-- TASK BRIEF --
Without the images, repeat every line of the listing exactly.

-- DATA --
*** Block opens ***

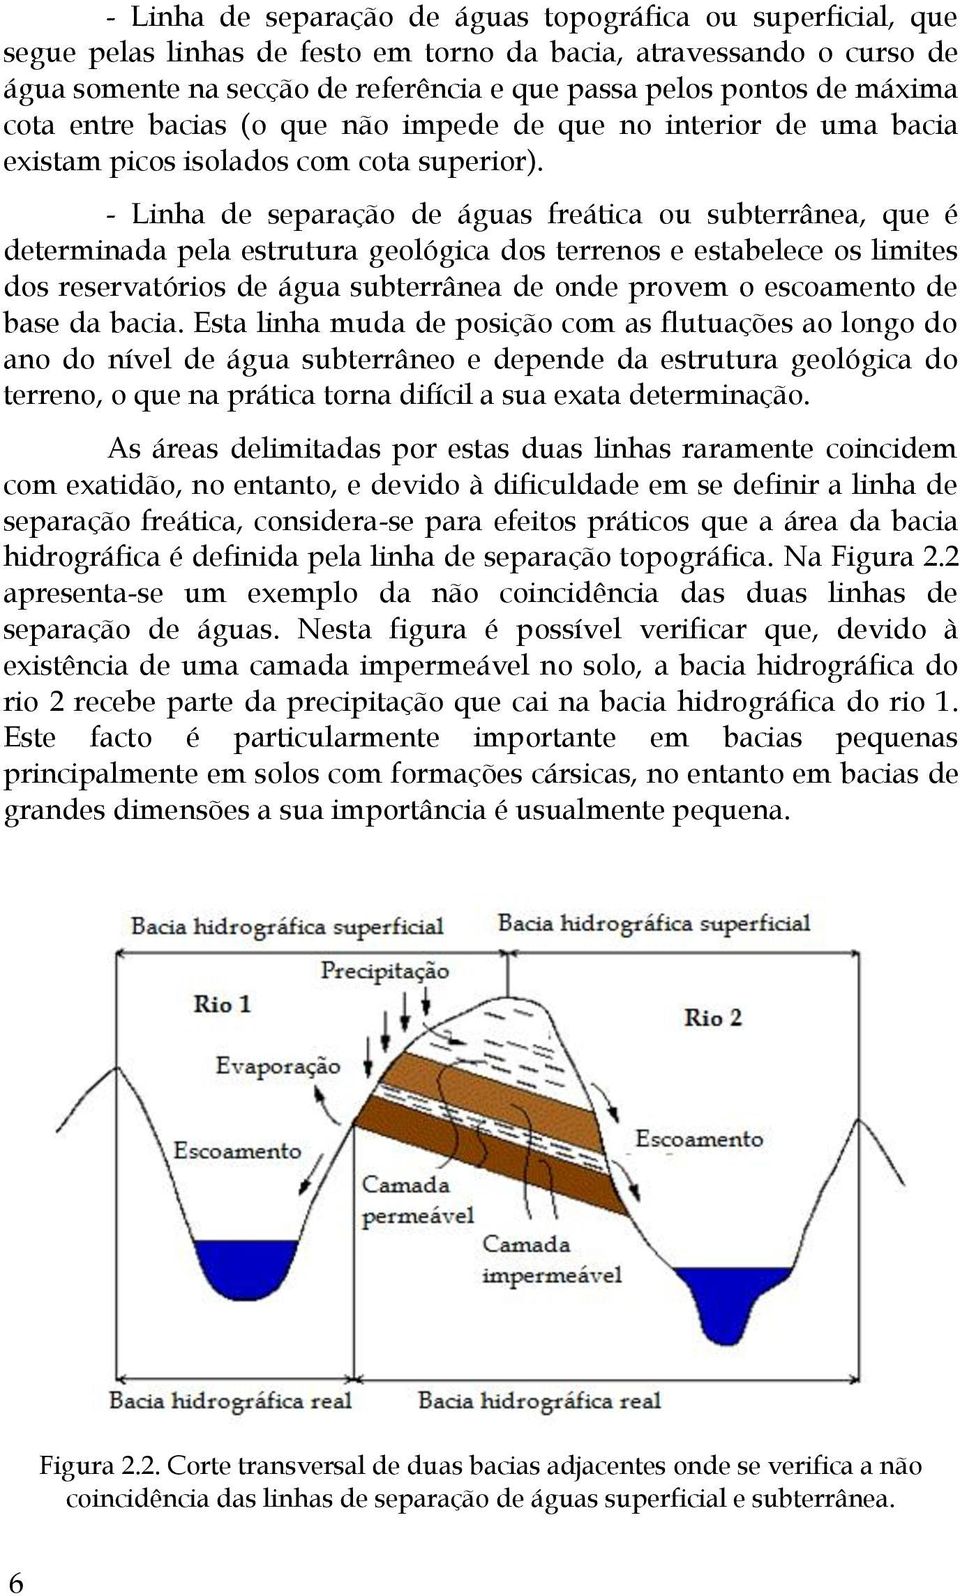 - Linha de separação de águas freática ou subterrânea, que é determinada pela estrutura geológica dos terrenos e estabelece os limites dos reservatórios de água subterrânea de onde provem o
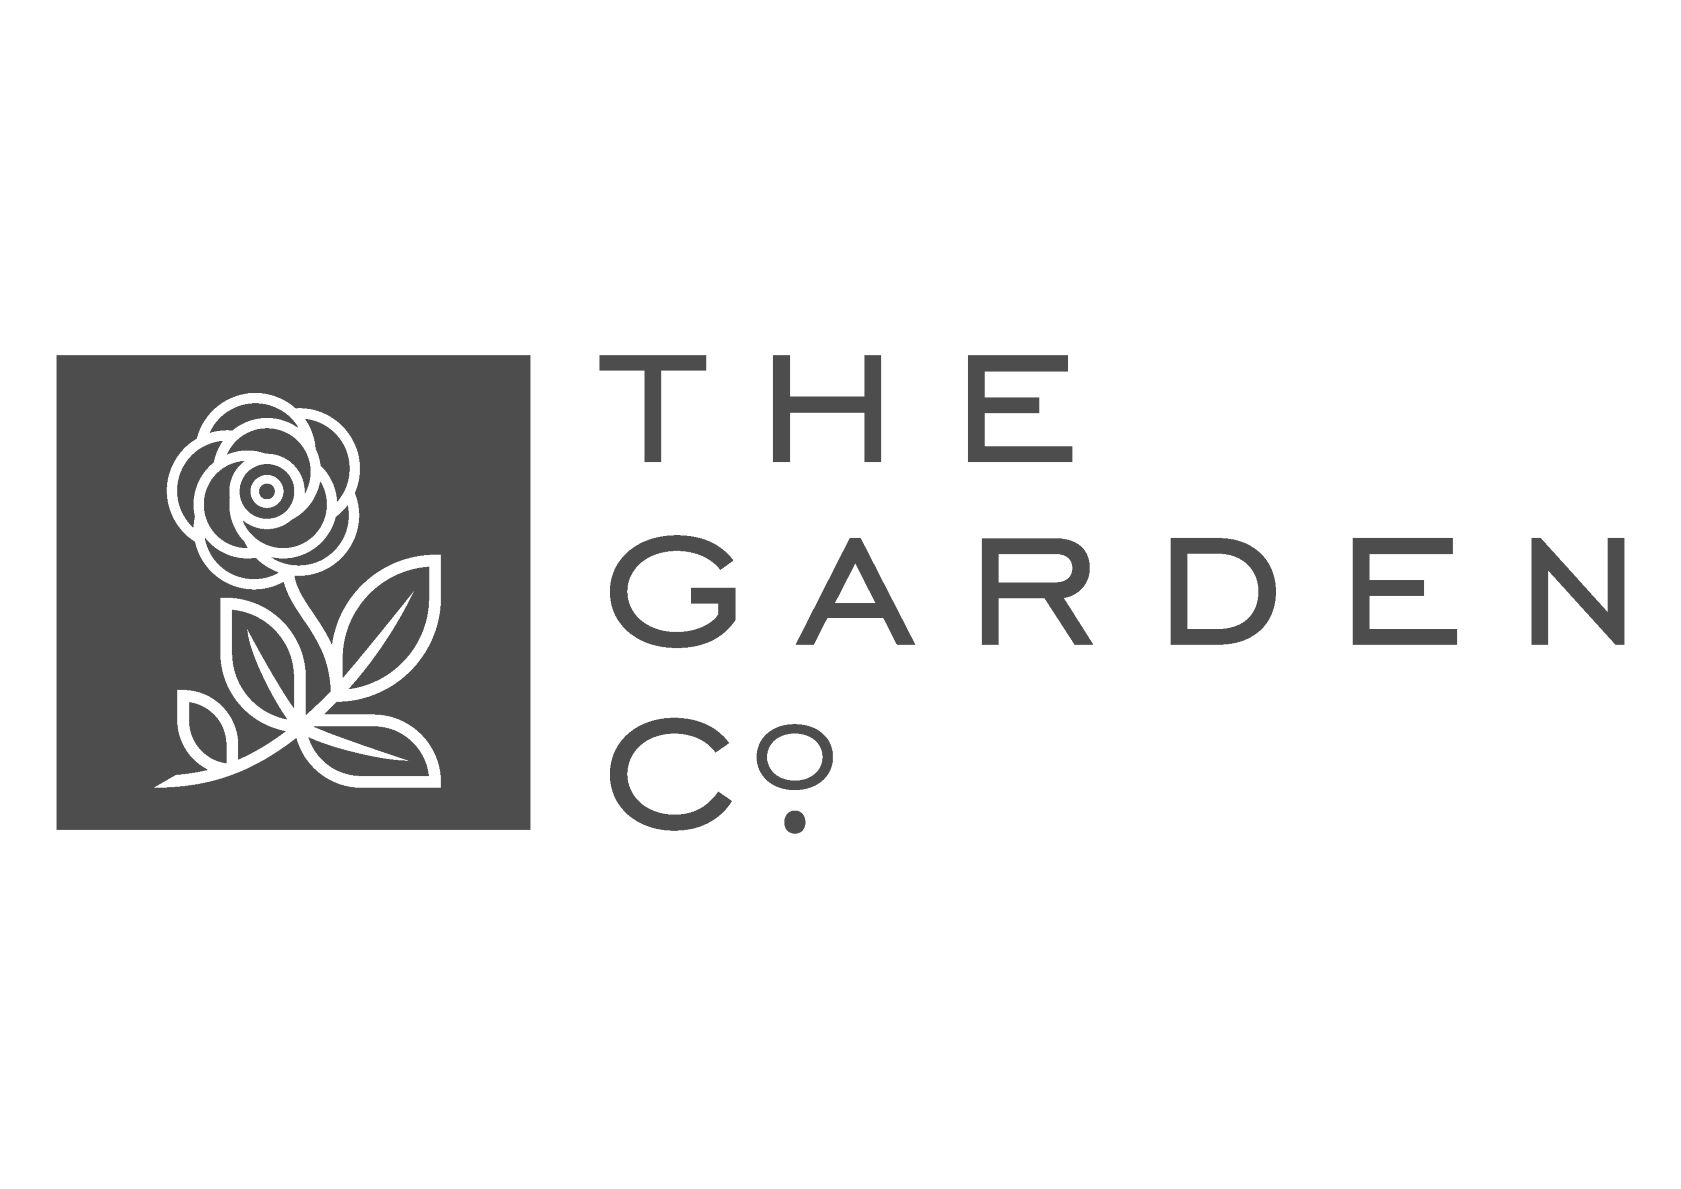 THE GARDEN logo
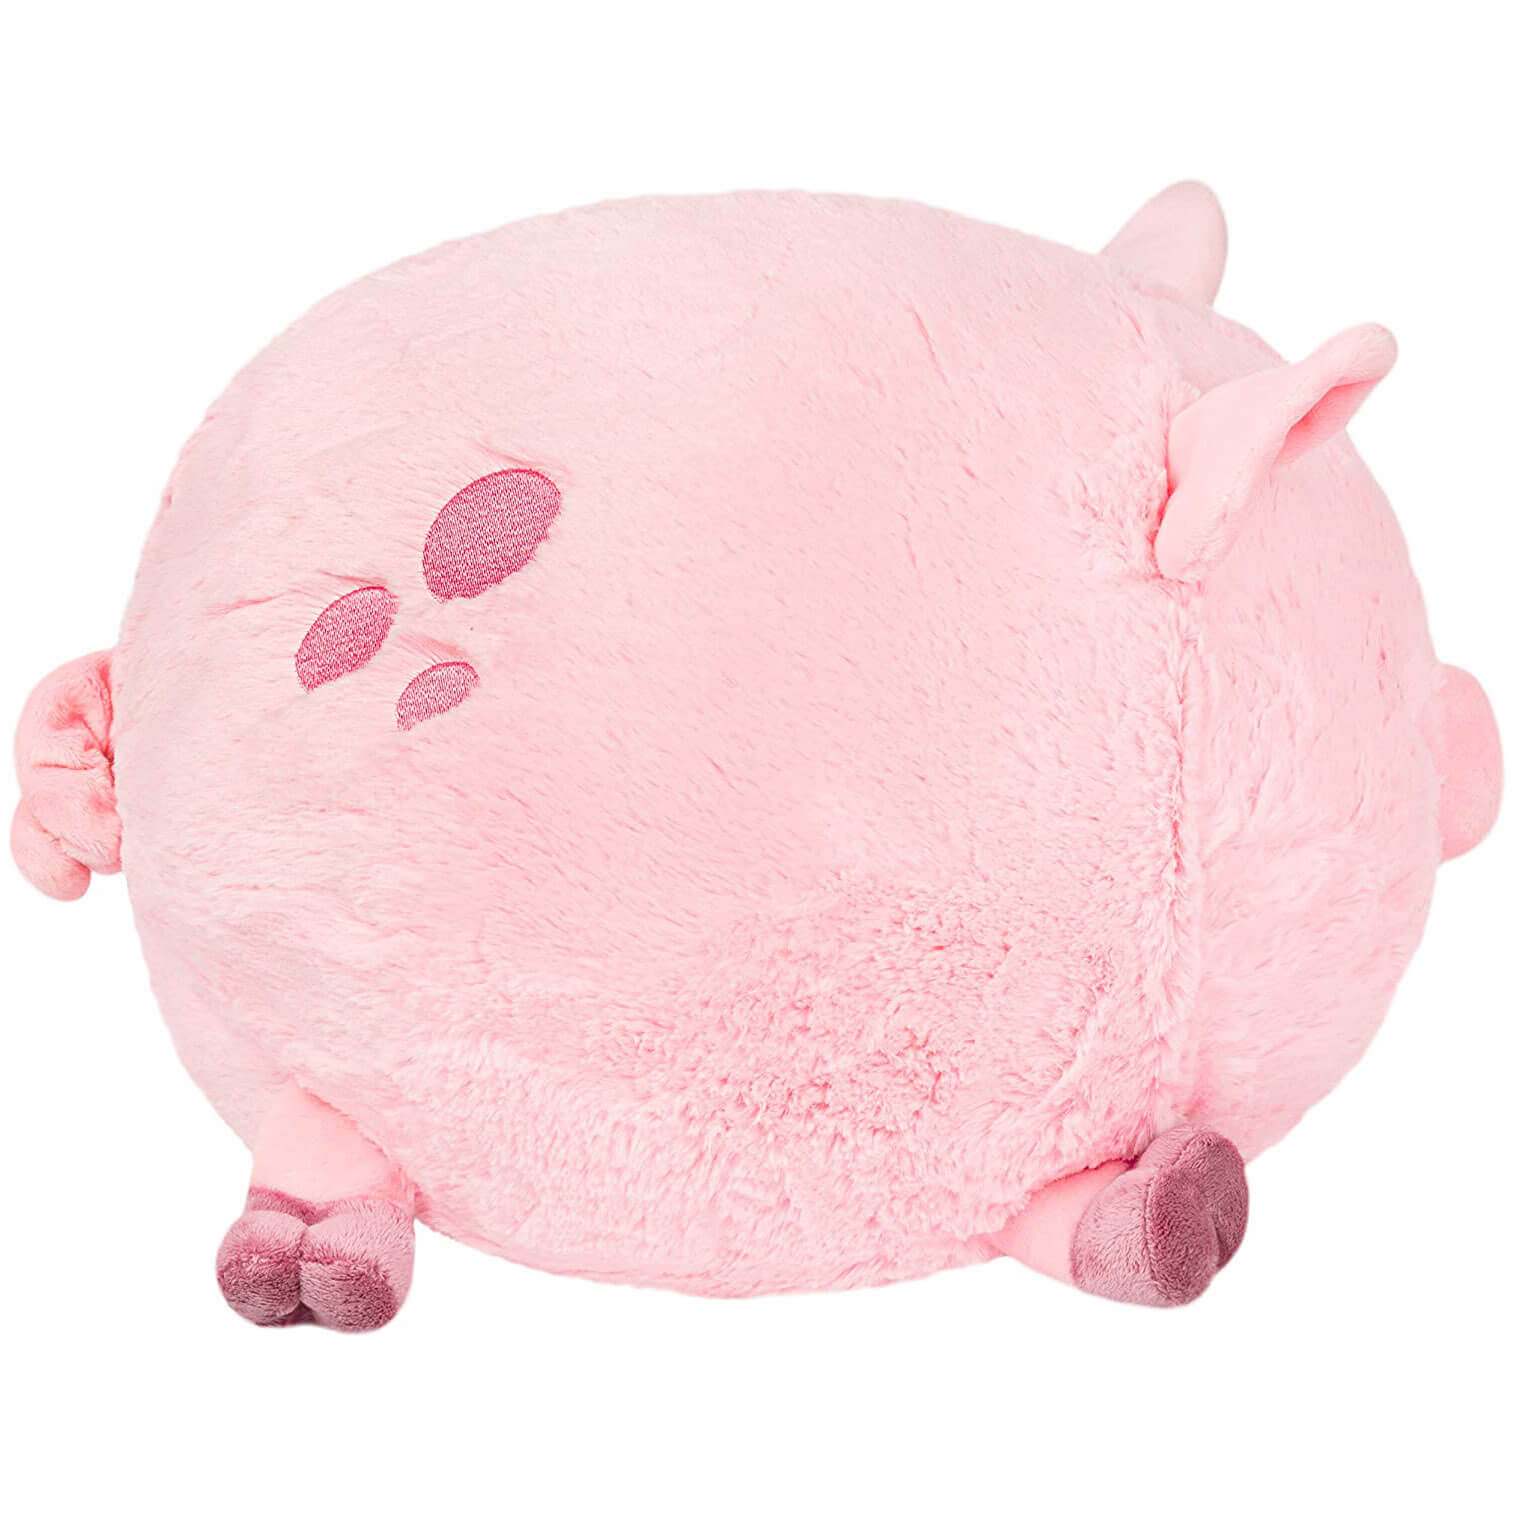 Squishable Piggy Plush

*** Block closes ***

-- RESPONSE TO THIS EXERCISE --
 - Linha de separação de águas freática ou subterrânea, que é determinada pela estrutura geológica dos terrenos e estabelece os limites dos reservatórios de água subterrânea de onde provem o
 THE GARDEN logo
 Squishable Piggy Plush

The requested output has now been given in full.